We use QueryInterface to check if we can obtain a pointer to IDXGIFactory6 from the pointer to the IDXGIFactory4 interface we passed as an argument. Observe that this will work only if the related COM object implements both interfaces (IDXGIFactory4 and IDXGIFactory6). In that case, we can loop to get a pointer to IDXGIAdapter1 by calling EnumAdapterByGpuPreference. Otherwise, we must use EnumAdapters1. However, regardless of how you obtain it, we aim to skip software adapters. Such information (and much more) can be obtained from the DXGI_ADAPTER_DESC1 structure returned by IDXGIAdapter1::GetDesc1 as an output parameter.


[!NOTE]
Typically, interface names ending with a number extend an earlier, well known interface by inheriting from it and adding new functionalities. For example, in the code above we passed IDXGIFactory4 as an argument to a IDXGIFactory1 parameter since we are confident that both interfaces implement QueryInterface, which is the function we call through the corresponding interface pointer.

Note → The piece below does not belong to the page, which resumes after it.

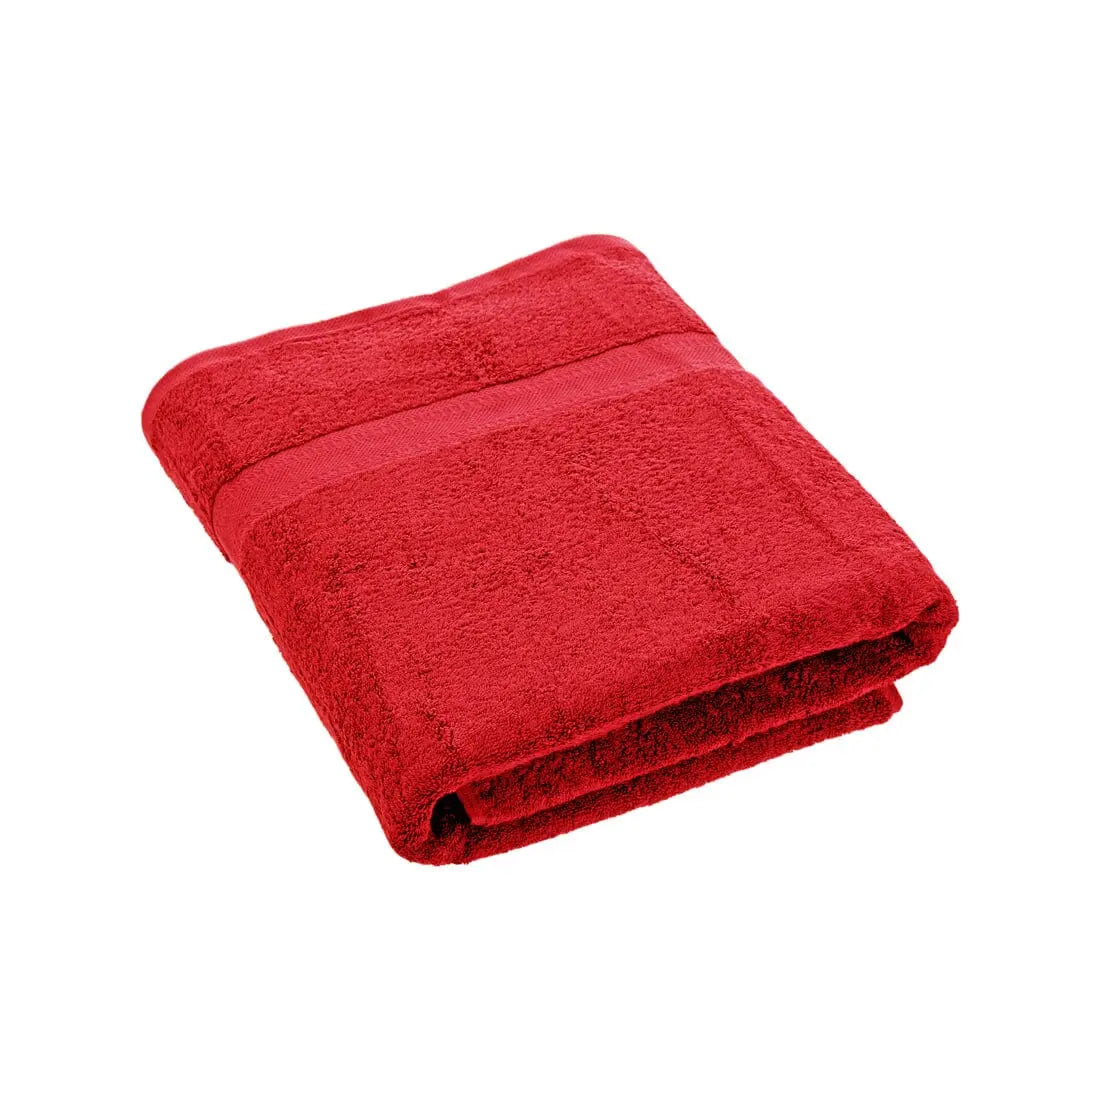 towel in red

Now, we can get back examining LoadPipeline.
We need to create a command queue where to submit command lists which, in turn, will hold the commands we want the GPU execute. Indeed, part of the work of a GPU is to execute commands in command lists consumed from a command queue. In this first sample we have very few commands to send to the GPU because it simply shows a window with a blueish client area. Despite this, we still need a command queue as we need to associate it with the swap chain (behind the scenes the DXGI API records commands to be executed by the GPU; more on this shortly). As shown in the image below, there are multiple types of command queues, each of which can hold command lists of a specific type. Then, CPU threads can create command lists of whatever type and insert them in the related command queue.


Image


Many GPUs have one or more dedicated copy engines, a compute engine, and a 3D engine, each capable of executing specific commands in parallel with the other engines. For this reason, there can be no simple guarantee of the order of execution, hence the need for synchronization mechanisms that allow establishing an execution order, if needed.

For this sample, we will use a graphics command queue (referred to as the 3D queue in the illustration above) as it is capable of holding direct command lists that, in turn, can include all types of commands. Indeed, a graphics queue can drive all GPU engines; the compute queue can drive the compute and copy engines, and the copy queue can only drive the copy engine.

To create a swap chain, we need to specify the number of buffers, their size, format, and usage. We’re going to use two buffers of the same size as the window’s client area. That way, the buffers will be mapped to the client area without stretching the image.
DXGI_FORMAT_R8G8B8A8_UNORM indicates the format of the buffers. You can imagine the buffers in the swap chain as grids of (width * height) elements, whose common type is specified by a DXGI_FORMAT value. In this case, we indicate that each element is a 32-bit value composed of four 8-bit unsigned-normalized-integer channels, each in the range $[0/255, 255/255]=[0, 1]$ (that is, each channel can have 256 different values). The four channels are called R, G, B and A to mimic the RGB color model, where a color is defined by the amount of red, green and blue it includes. The channel A (called alpha) is used to control the transparency or the opacity of the color.
DXGI_USAGE_RENDER_TARGET_OUTPUT specifies that the buffers will be used as render targets (the targets of drawing operations executed by the GPU).
DXGI_SWAP_EFFECT_FLIP_DISCARD indicates that we want to use the flip presentation model (developed by Microsoft to provide a faster way to present frames on the screen) and that DXGI can discard the contents of a back buffer after it is presented to the user — this can enable some optimizations.
SampleDesc.Count specifies the number of samples per pixel. It should be always 1 as buffers presented using the flip presentation model don’t support multisampling (you need to explicitly create MSAA render targets and resolve yourself the results from multi samples to a single sample as part of the presentation of the frame; we will see how to implement MSAA in a later tutorial).
The call to CreateSwapChainForHwnd creates the swap chain. It takes the command queue, the window handle that describes where the buffers will be presented and the description of the buffers in the swap chain.


[!NOTE]
The comment in the source code states that the swap chain needs a queue to flush. That’s because, behind the scenes, the DXGI API creates a command list with the commands needed to create the buffers in the swap chain (in GPU memory).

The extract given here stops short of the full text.